Currently, the autotest hooks that rspec uses explicitly runs ./script/
spec, which when pointed to a story runner file doesn’t do anything.
(In fact, the generated spec.opts has an incompatible --format option
changing progress to just p works as it maps to plain in story runner)
Here’s how I think it can be mapped. I have a fairly simple convention:
Match stories/stories/(.*), rerun stories/stories/basename($1).rb
(i name my story files with .story extension)
Match stories/(helper|all).rb, rerun stories/all.rb
Match stories/steps/(.*)_step.rb, rerun stories/stories/
basename($1).rb
You can be fancier for steps if you like to break them up, like
looking into which Story Runner uses those steps.
Can Story Runner run a specific scenario in a story? Like how Spec
Runner can just execute a particular example.
Regards,
Kamal
p/s: I’m using rstakeout currently to run my stories and autotest to
run my specs. It’ll be great if they can context-switch in the same
autotest instance.
The only solution I have is trying to build much smaller stories so that
they run a bit quicker, though this can get messy.

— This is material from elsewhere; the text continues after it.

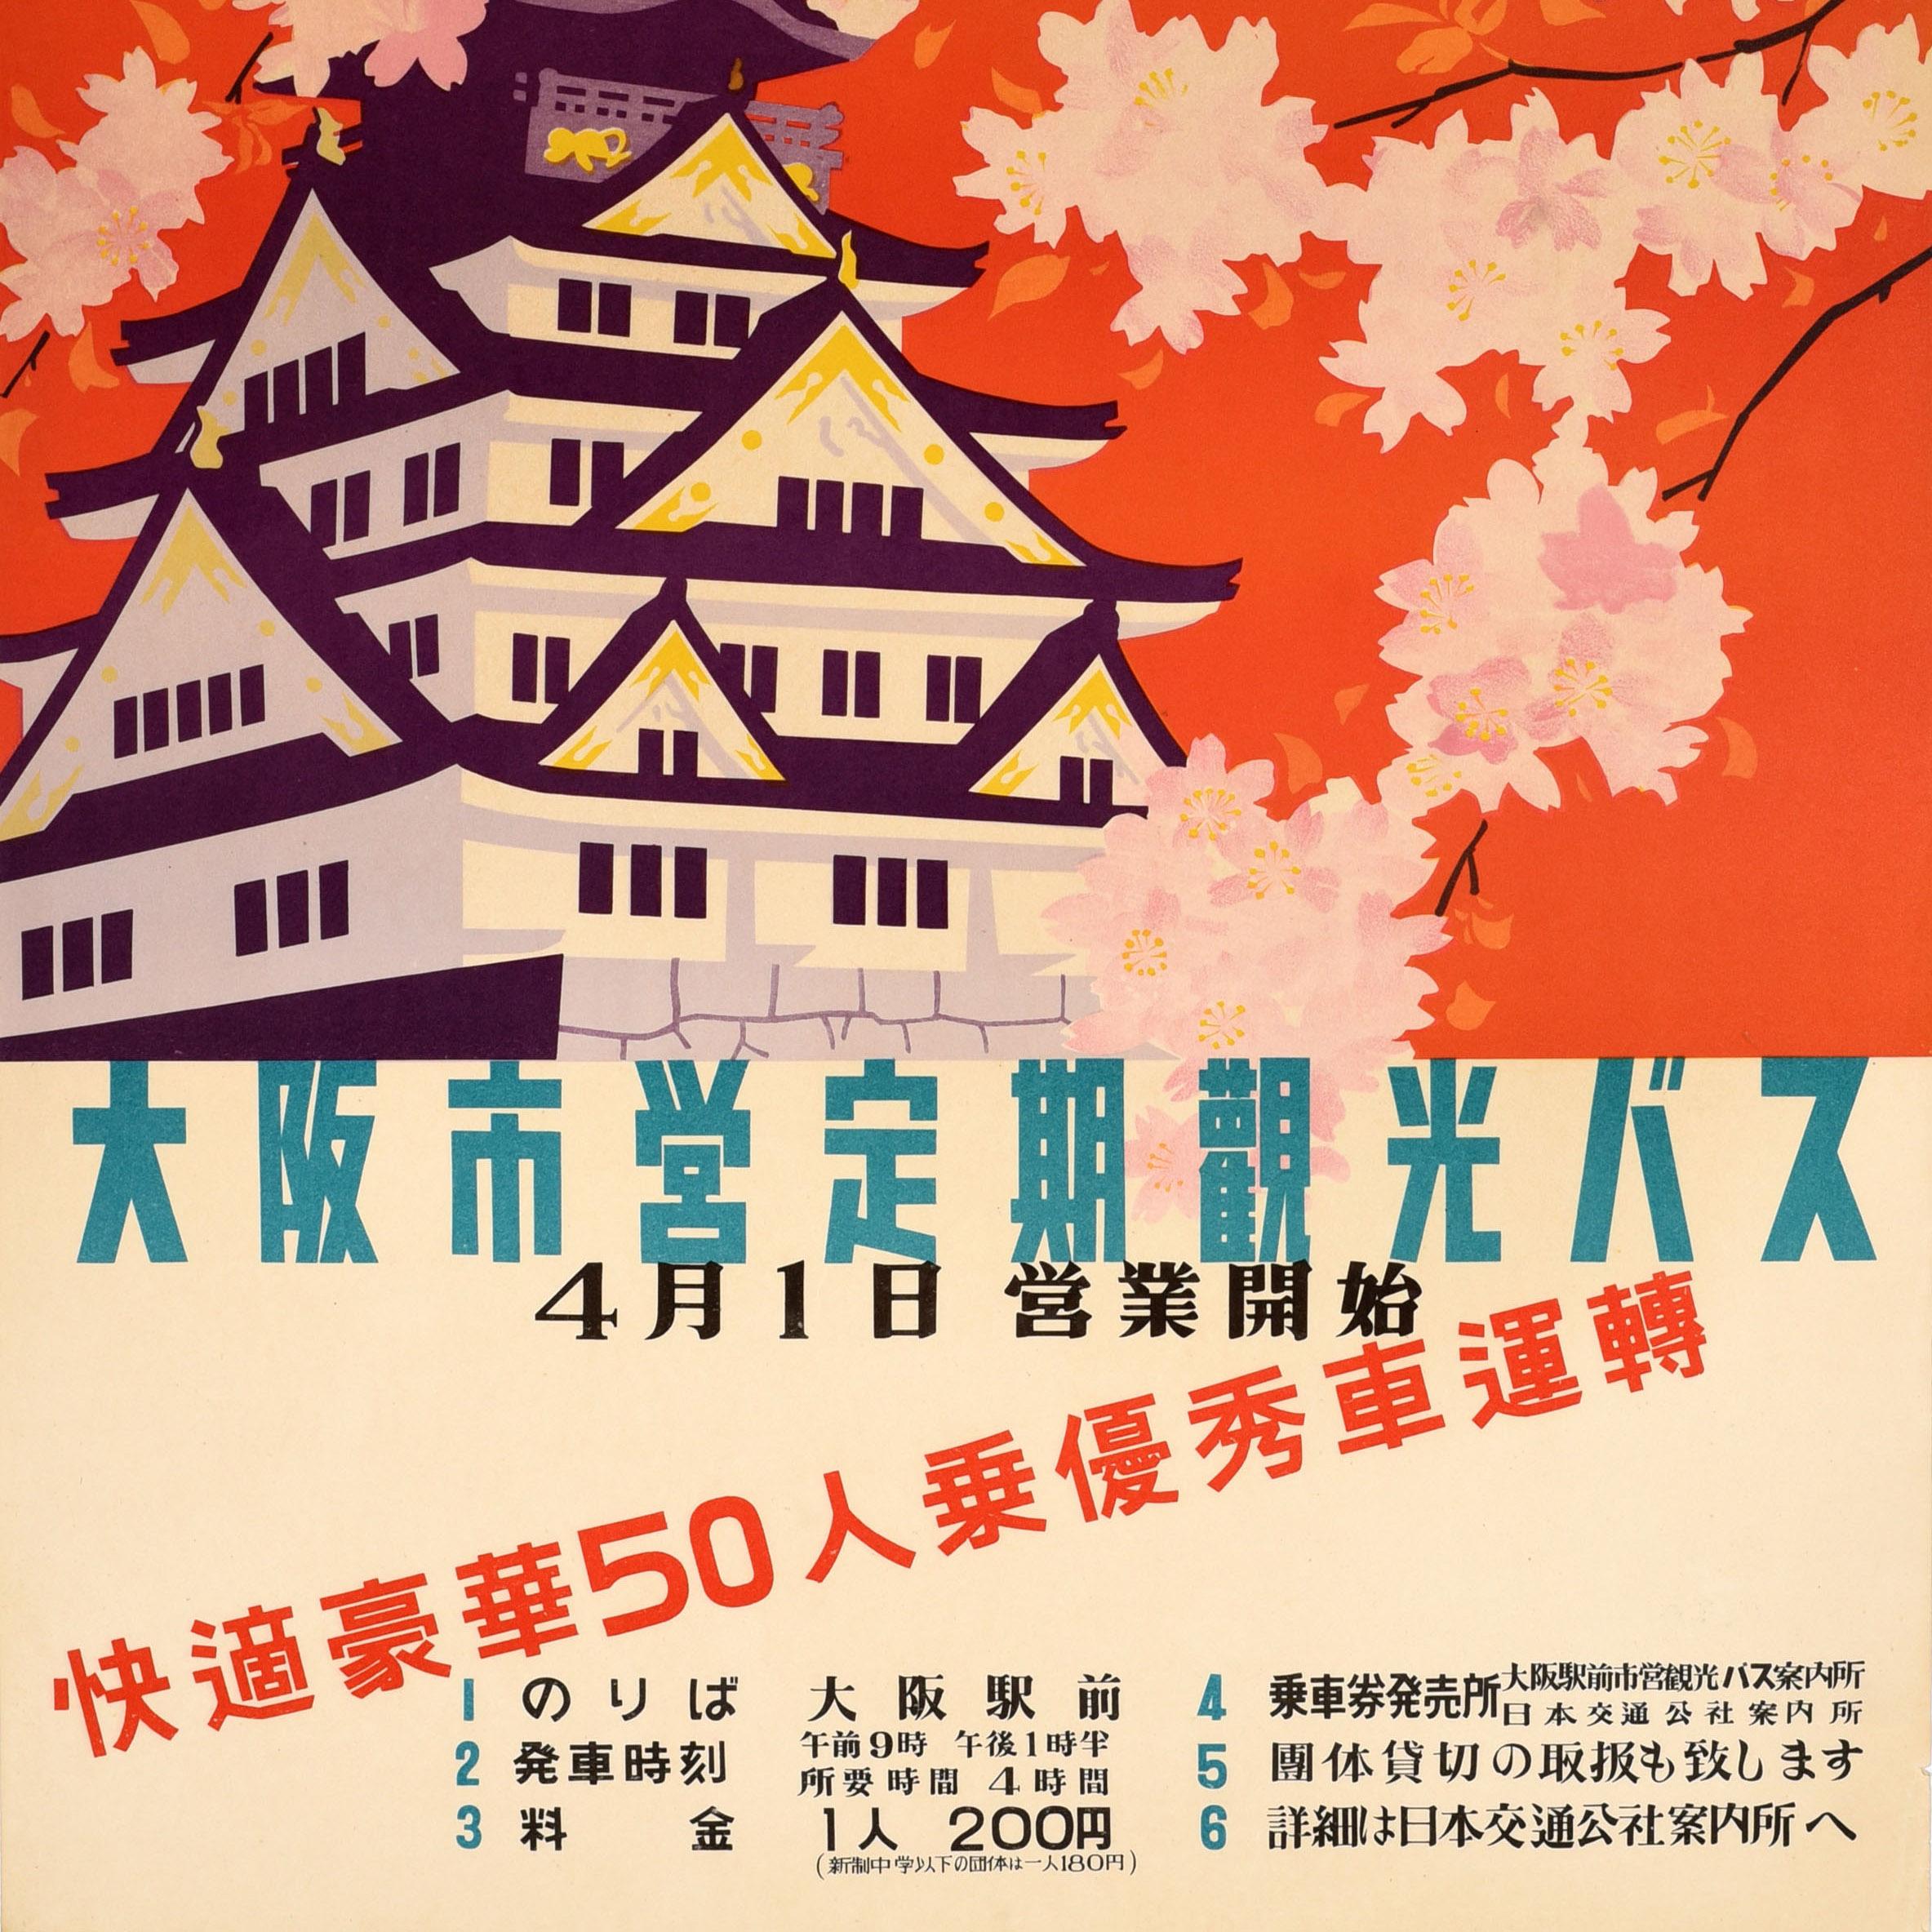 Original Vintage Asia Travel Poster Osaka Castle Japan Bus Tours Sakura Cherry - Orange Print by Unknown

I would absolutely love to be able to run changed scenarios upon saving,
like how autotest works for the specs.
Has anyone achieved this yet?
That would be very difficult to do and to do well (with autotest or
RSpactor) since stories cover a complete vertical slice of the
application, and it’d be almost impossible to know what source file
(or method) affect will what stories.
Continuous integration works very well for this. Let another machine
pull an update (or you can push an update) and it runs the specs and
stories. When I was at Atomic Object I wrote a small growl notifier
which received updates from our continuous integration server telling
it when something failed. It was beautiful. Of course this was really
easy to write since the continuous integration server was written in a
way that allowed you to attach listeners (and remote monitors) to it
over the network.
That would be very difficult to do and to do well (with autotest or
RSpactor) since stories cover a complete vertical slice of the
application, and it’d be almost impossible to know what source file
(or method) affect will what stories.
Sure, I agree, but I think it would still be incredibly useful even if
it ran a single scenario every time you edit that scenario - not
necessarily the source files that the scenario would “operate” on.

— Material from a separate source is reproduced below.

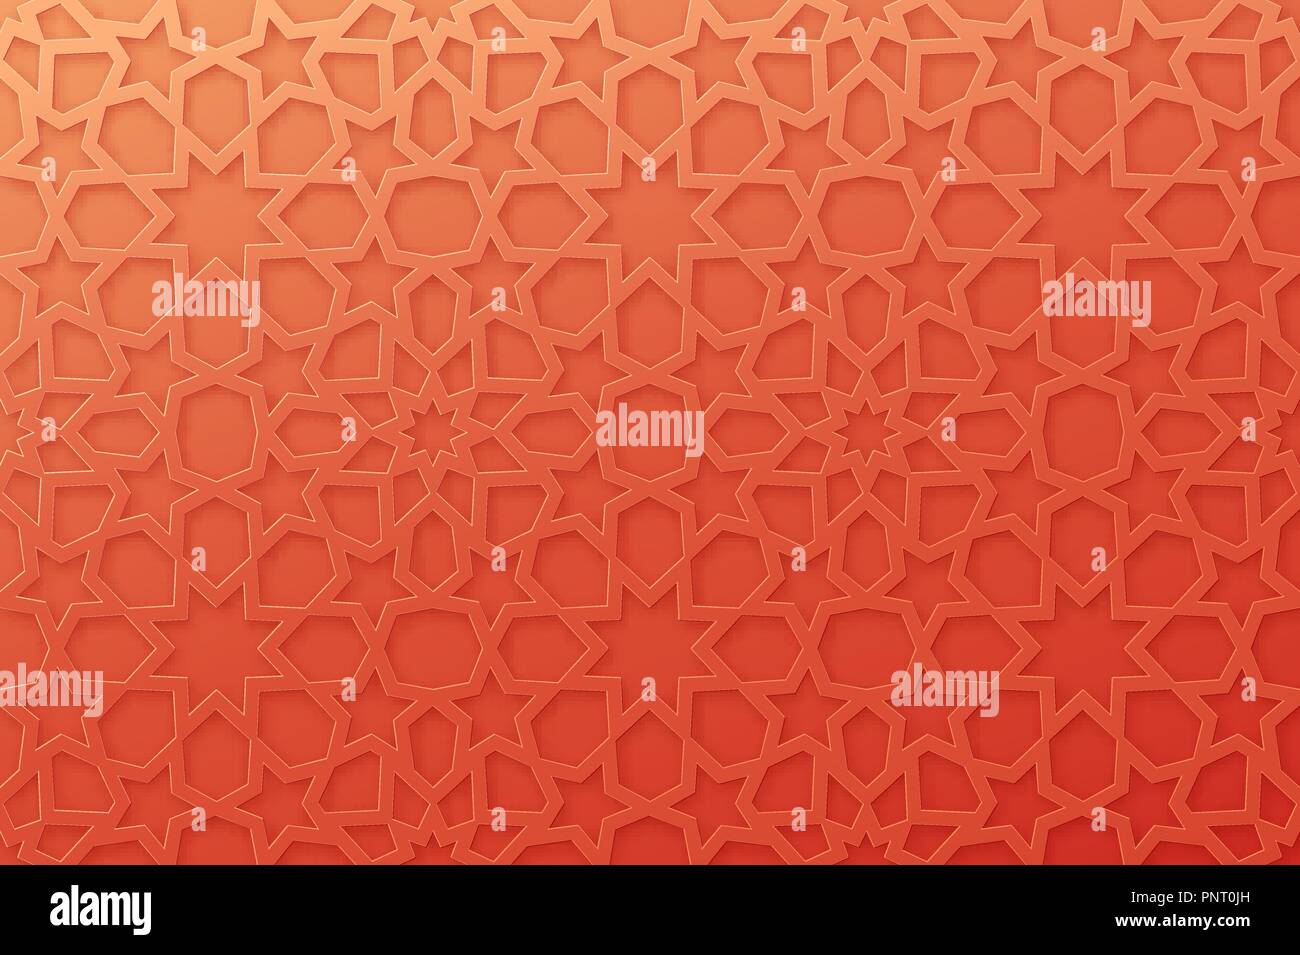 Arabisch Muster Hintergrund. Islamische ornament Vektor. Geometrische 3D-Form. Textur 1001 traditionelles Motiv Stock Vektor

Continuous integration works very well for this. Let another machine
pull an update (or you can push an update) and it runs the specs and
stories. When I was at Atomic Object I wrote a small growl notifier
which received updates from our continuous integration server telling
it when something failed. It was beautiful. Of course this was really
easy to write since the continuous integration server was written in a
way that allowed you to attach listeners (and remote monitors) to it
over the network.
I’ve already got TeamCity (highly recommended) running for both stories
and examples every time I check into SVN. I’m doing things as
test-driven as possible , and more times than not it’s a story driving
development rather than a spec. Test driving things this way means I
get to run the stories all the time, and a bit of automation would be
awesome.
Hell, I’d settle to just be able to execute a single scenario by hand at
this point. Running an entire story is still too large for me sometimes
=)
… I think it would still be incredibly useful even if
it ran a single scenario every time you edit that scenario - not
necessarily the source files that the scenario would “operate” on.
You can pull this off pretty easily with rstakeout.